My face feels flaming hot. I jerk my hands back.

They’re all staring at me. Megan looks amused while Tiffany looks a little horrified.

“I can explain,” I begin.

“I wouldn’t,” Liz says. “Just let us imagine for a bit. And feed us. I don’t care if you fucked an entire stadium of aliens if you give me something hot to eat.”

“He’s not keen on the ‘hot’ part,” I say, then turn to Vektal and point at the rabbit-things hanging from his belt. “Food? Food for humans?”

“Humans,” he agrees, unhooking the meat from his belt. As I take it, he offers me his knife.

“We need fire,” I tell him and mime the hand-warming gesture. “Fire.”

“Oh shit,” Josie says. “I’ll even blow him if he can get us a fire.”

“Right?” Liz says in agreement.

I feel a flare of annoyance at the girls. They’re cold. There’s no reason I should be jealous of them. I’ve been frolicking in the snow with a big sexy alien for the last two days while they’ve been freezing their butts off and starving. But the thought of them touching him makes me . . . unhappy.

Jealous.

Crap. I cannot be falling for a big blue alien. No matter how good he is in bed.

“Fire?” Vektal asks. He looks around the cargo bay and frowns, then points at the ceiling and spits another stream of syllables.

“He says that there’s no wood this high up the mountain. He’ll have to go get some from the cave and come back.”

I nod at Kira, then at Vektal. “Please do that.”

His ridged brows draw down, and then he points at Kira and says something else.

“He wants to know if I understand him,” Kira whispers. She edges closer to the others. “What should I say?”

I reach up and brush a hand on Vektal’s hard jaw, turning his frowning face toward me. It’s impossible to tell what he’s thinking right now. “Vektal?” When his attention turns toward me, I gesture at my ear, then move to Kira and pull her forward. “You speak, and she hears it. Understands it.” I add a lot of pantomiming of words and lips moving, in the hopes that he’ll grasp it.

His face lights up, blue eyes glowing. Another string of words, and he gestures at Kira’s ear.

Kira’s face wrinkles. “He says I have a shell that is allowing me to understand him. I wonder if the translation isn’t all that clear.”

“It’s something like that,” I say, nodding at Vektal.

He turns to Kira and says something else.

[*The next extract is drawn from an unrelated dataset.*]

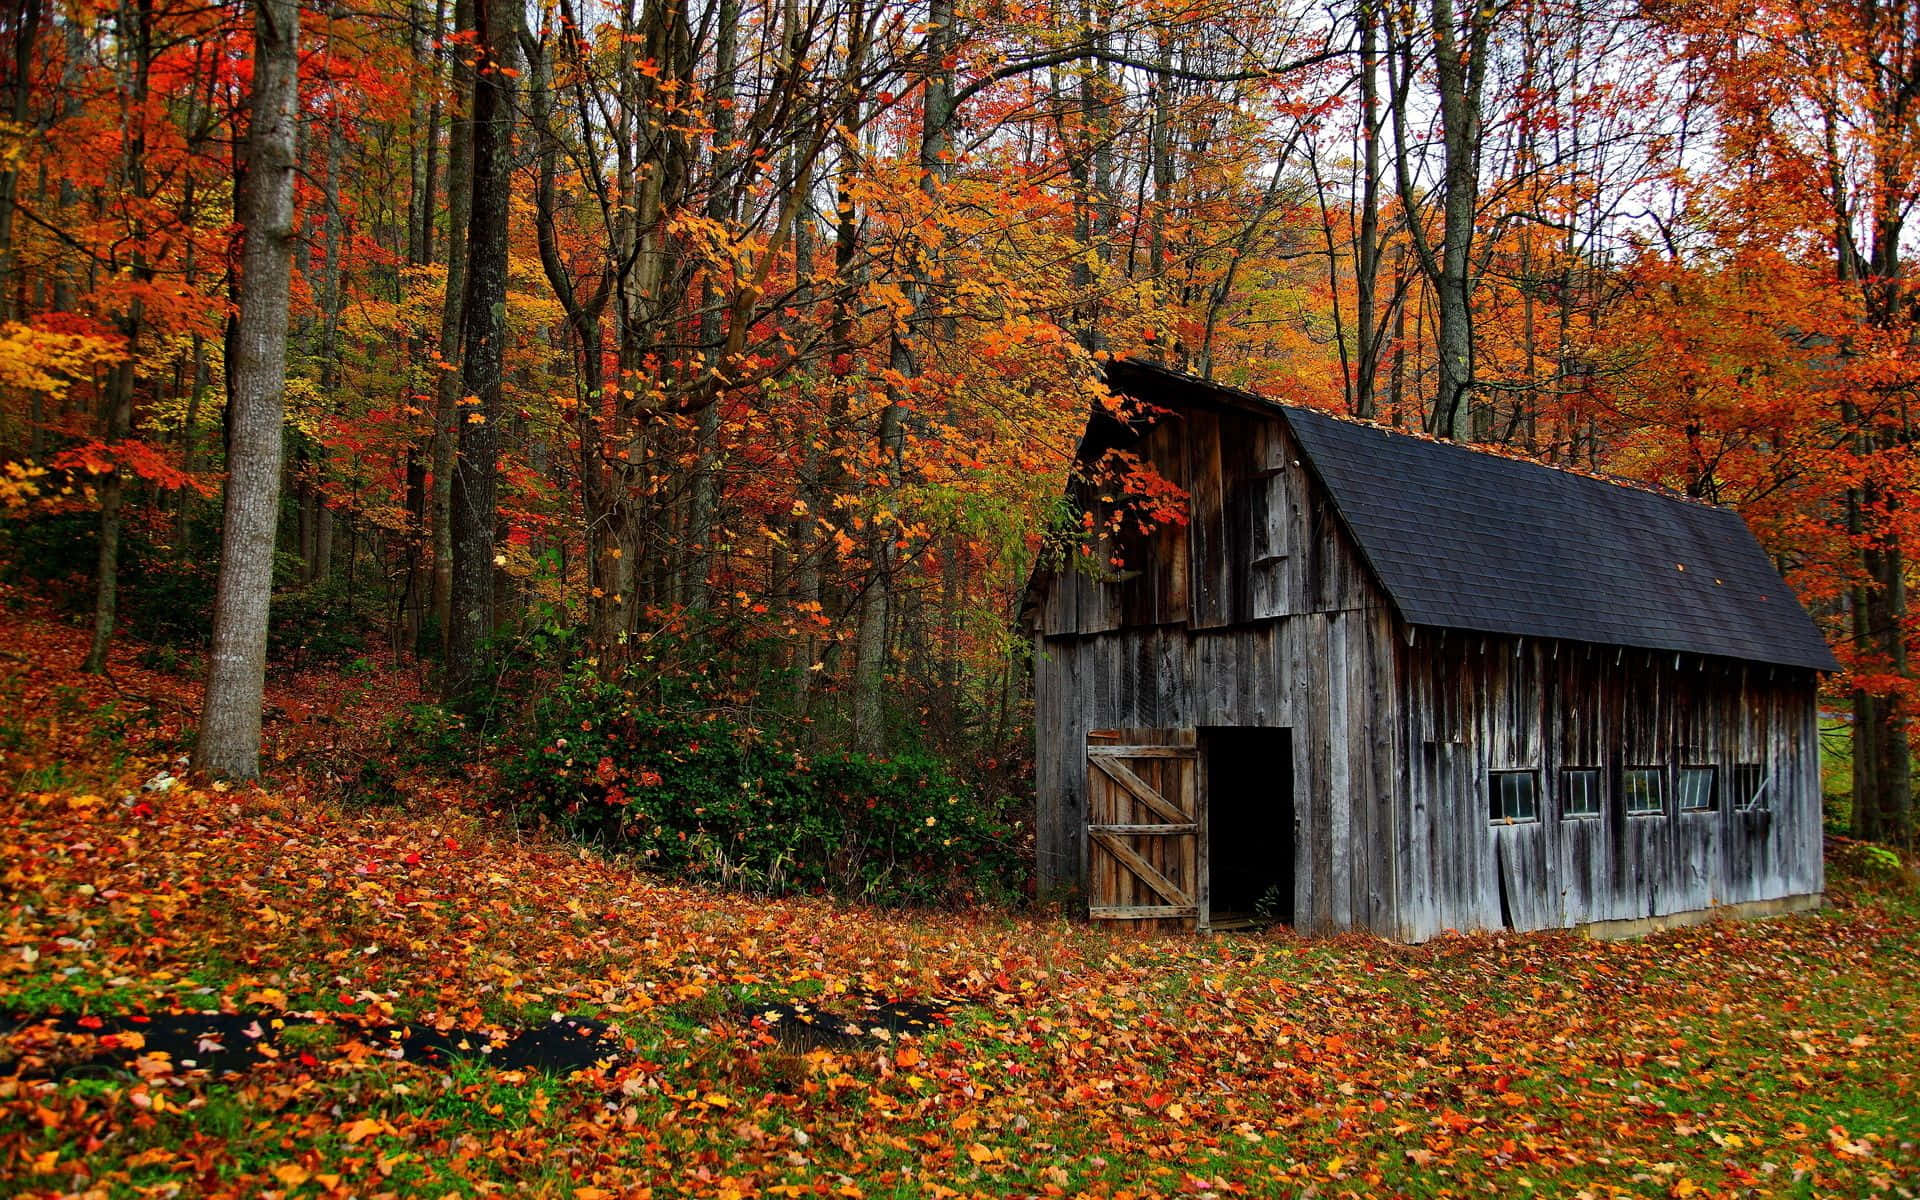 "A peaceful landscape featuring a traditional barn"

“He wants to know if my parasite teaches me his language.” She shakes her head. “Just translates.” She taps her ear, then her mouth. “Hear, no speak.”

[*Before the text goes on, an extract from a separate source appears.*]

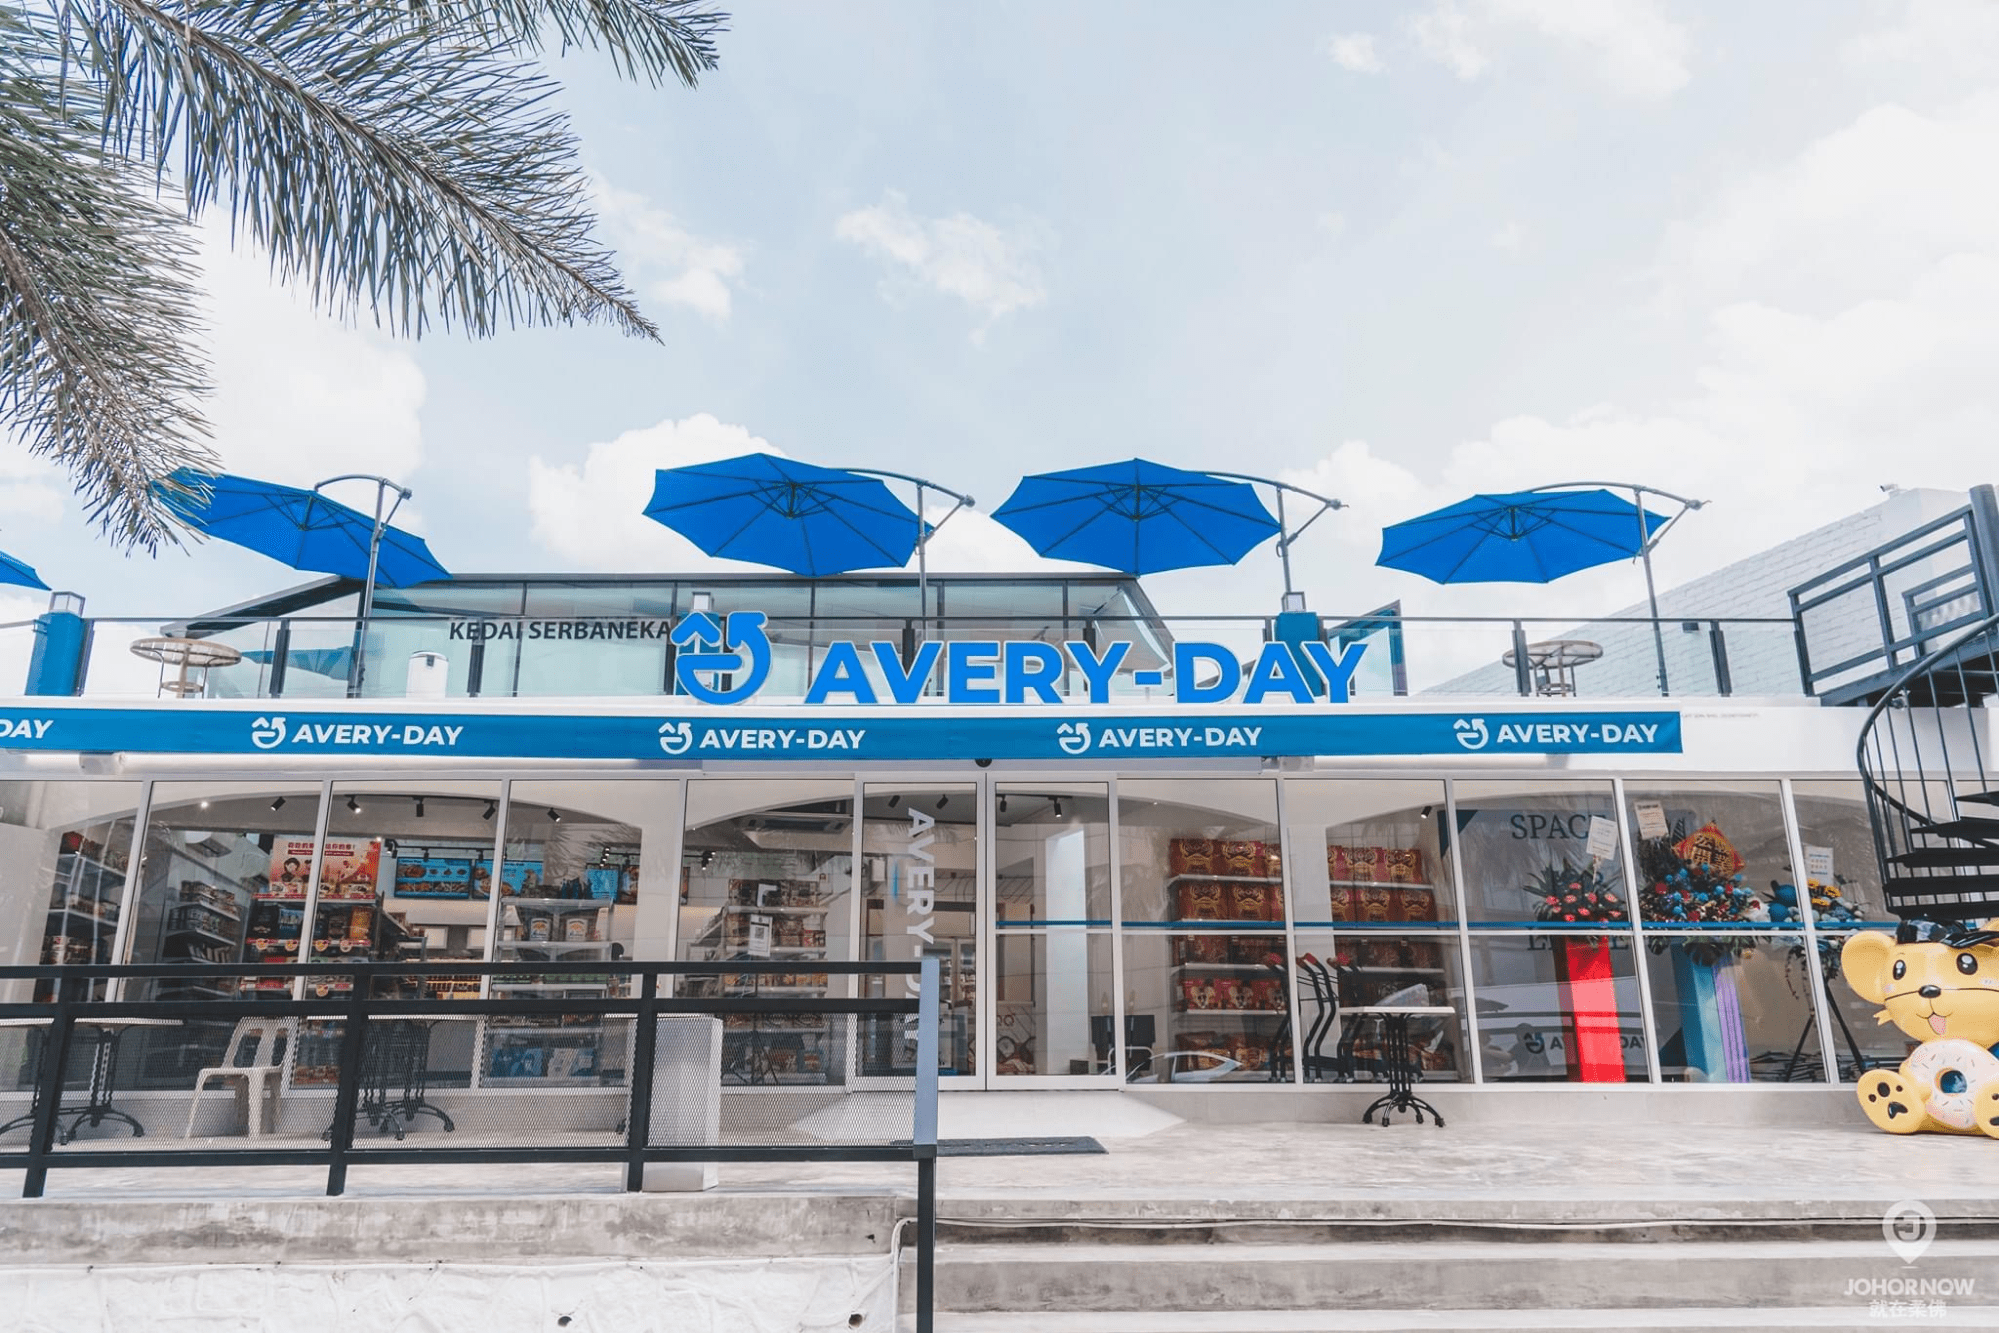 avery-day - covenience store jb

Vektal scrutinizes Kira for a long moment and then says something else. Then he turns, grabs me by the waist and tugs me against him, pressing a hard kiss to my mouth in front of everyone.

“He says he’s going hunting and to get firewood, and for us to keep an eye on his mate,” Kira relays, amusement in her voice. “Mate, huh?”

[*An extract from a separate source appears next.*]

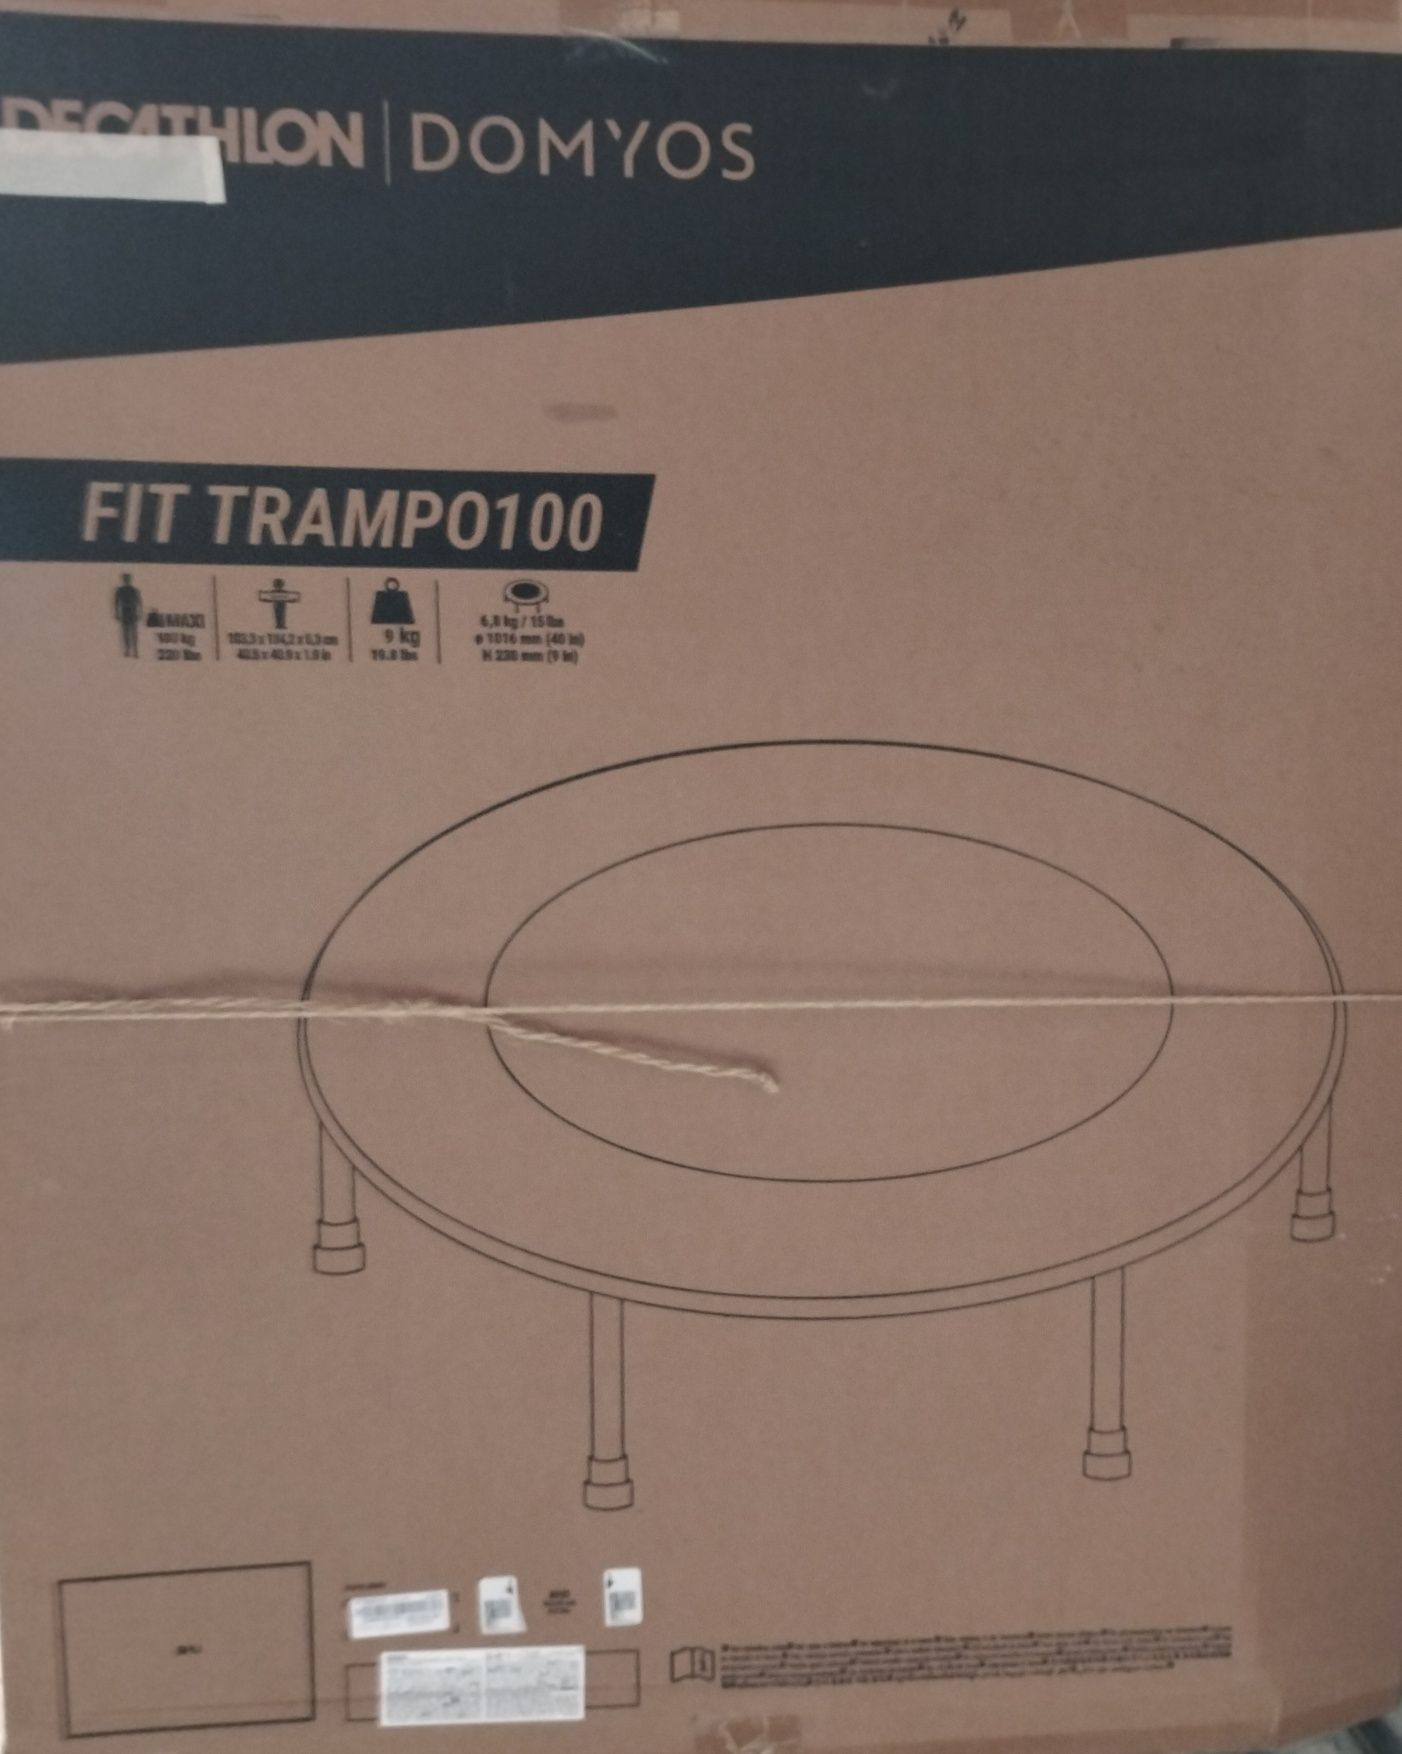 Trampolim FIT TRAMPO100 
trampolim FIT TRAMPO100 trampolim FIT TRAMPO

This time, it’s my turn to be shocked. “Mate? What? He thinks we’re mated?”

But Vektal’s already climbing up the side of the hull and back out into the snow.

VEKTAL

There are five other humans in addition to the dead one in the snow. All female. My mind cannot comprehend this. All female. I think of my own tribe, with over twenty unmated males. There are only five adult females in our tribe. There have never been many. Maylak was my only age-mate that was not mated, and we were lovers for a time until she resonated for Kashrem. Now they have tiny kit Esha, bringing the count of females in our tribe up to six. Most of our warriors only dream of the resonance of a mate.

And I have found one. And there are five more who could resonate for one of my tribe. Five more who could bring our small, dying people back to life. We are long-lived, thanks to our khui, but it is a long and lonely life, and I have spent much of mine envious of others with their mates.

Now there is Georgie. And Georgie brings hope with her.

I don’t know how she and her tribe have come here or why they are so poorly equipped to survive. We cannot communicate well enough. In time, I will have answers. For now, I must hunt and feed my small, fragile humans. I worry they are too weak to make it back to the tribal caves.